Conservation of crystal momentum with Peierl's substitution

Question

I am trying to understand Sec. 3 of Di Xiao's review paper (https://arxiv.org/abs/0907.2021). Specifically, I am interested in Sec. 3A on anomalous velocity (pages 13-14 in the arXiv pdf).

I can follow most of the derivation, but there is one point which exposes my lack of understanding of the conservation of crystal momentum. In the attached excerpt, it is mentioned that $q$ is a good quantum number and therefore $\dot{q}=0$. I fail to understand why this is the case.

I looked up Ashcroft and Mermin's classic book but I failed to find a derivation for $\dot{q}\propto [\hat{H},q]=0$ even for the case when there is no external field. My understanding is that $q$ is only conserved upto a reciprocal lattice vector $G$. So how can $\dot{q}$ be zero? Shouldn't $\dot{q}$ have occasional delta functions whenever a $G$ is added?
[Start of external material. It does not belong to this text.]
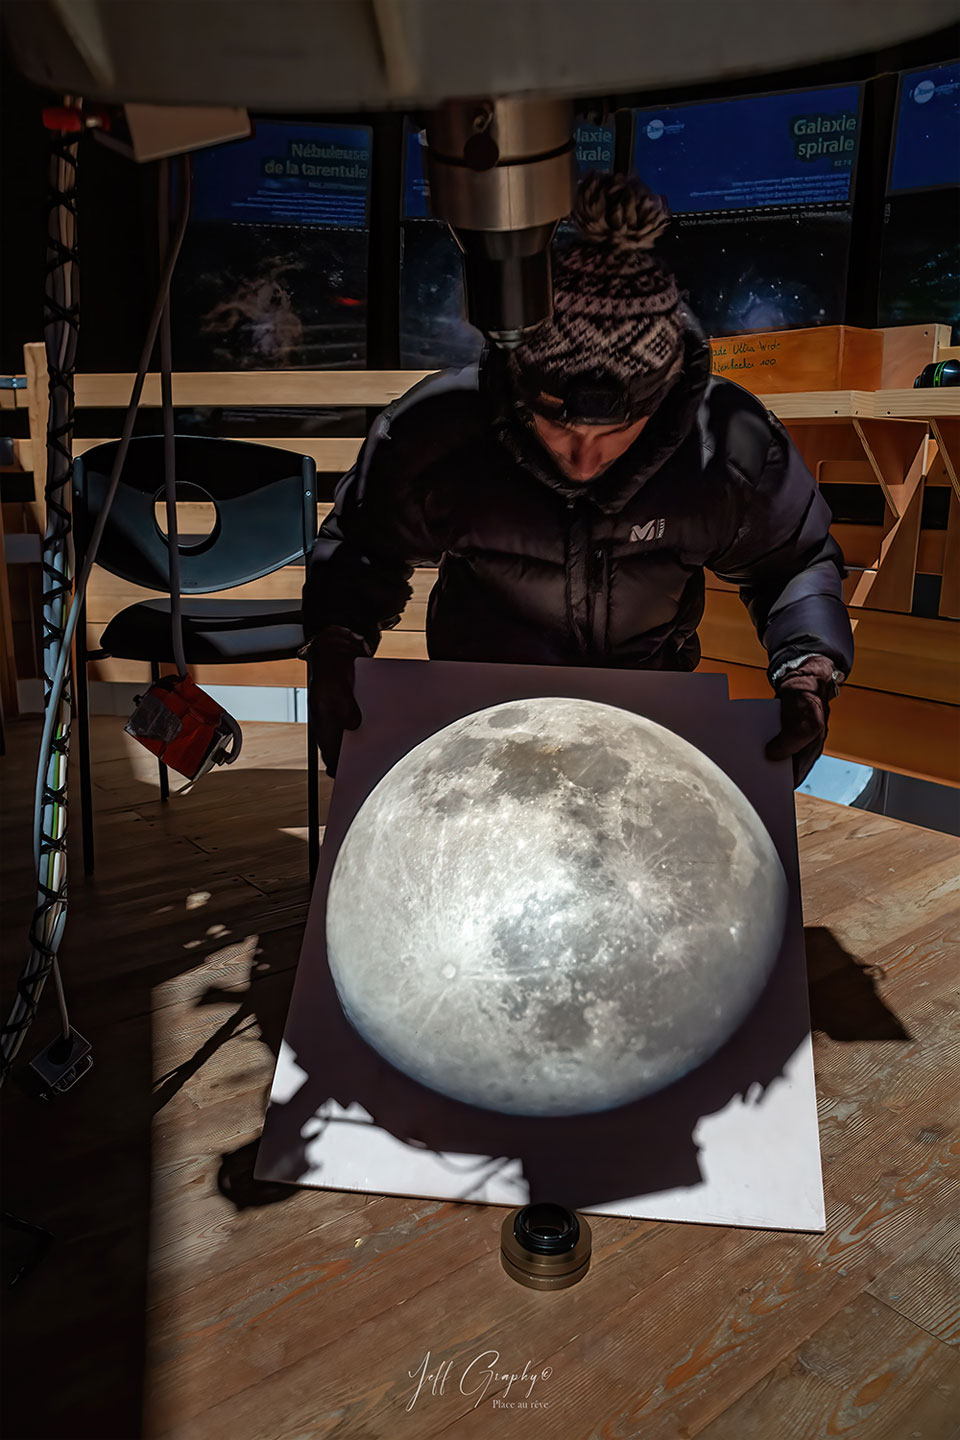 Prezentowane zdjęcie ukazuje bezpośrednią projekcję ostatniej pełni księżyca, zarejestrowaną przez średniej wielkości teleskop, znajdujący się wysoko w Alpach Francuskich.
Więcej szczegółowych informacji w opisie poniżej.

So my main question then is, how to prove $\dot{q}=0$:

a) in the absence of external fields

b) in the presence of external fields (like in Di Xiao's paper)

Answer 1

Perhaps the answers and comments to this related question, Is crystal momentum really momentum?, can help with the conceptual picture. The crystal momentum arises from a discrete translational symmetry of the total Hamiltonian and in that sense it is a good quantum number. It is in principle the eigenvalue of the generator of the discrete symmetry. In addition, when you have a macroscopic crystal and an atomic-scale lattice spacing, it often makes sense to assume the continuum limit as you switch to working in the Brillouin zone. Then the generator of the discrete translational symmetry becomes a quasi-momentum that commutes with the Hamiltonian and is conserved, wherefrom ${\dot q} = 0$.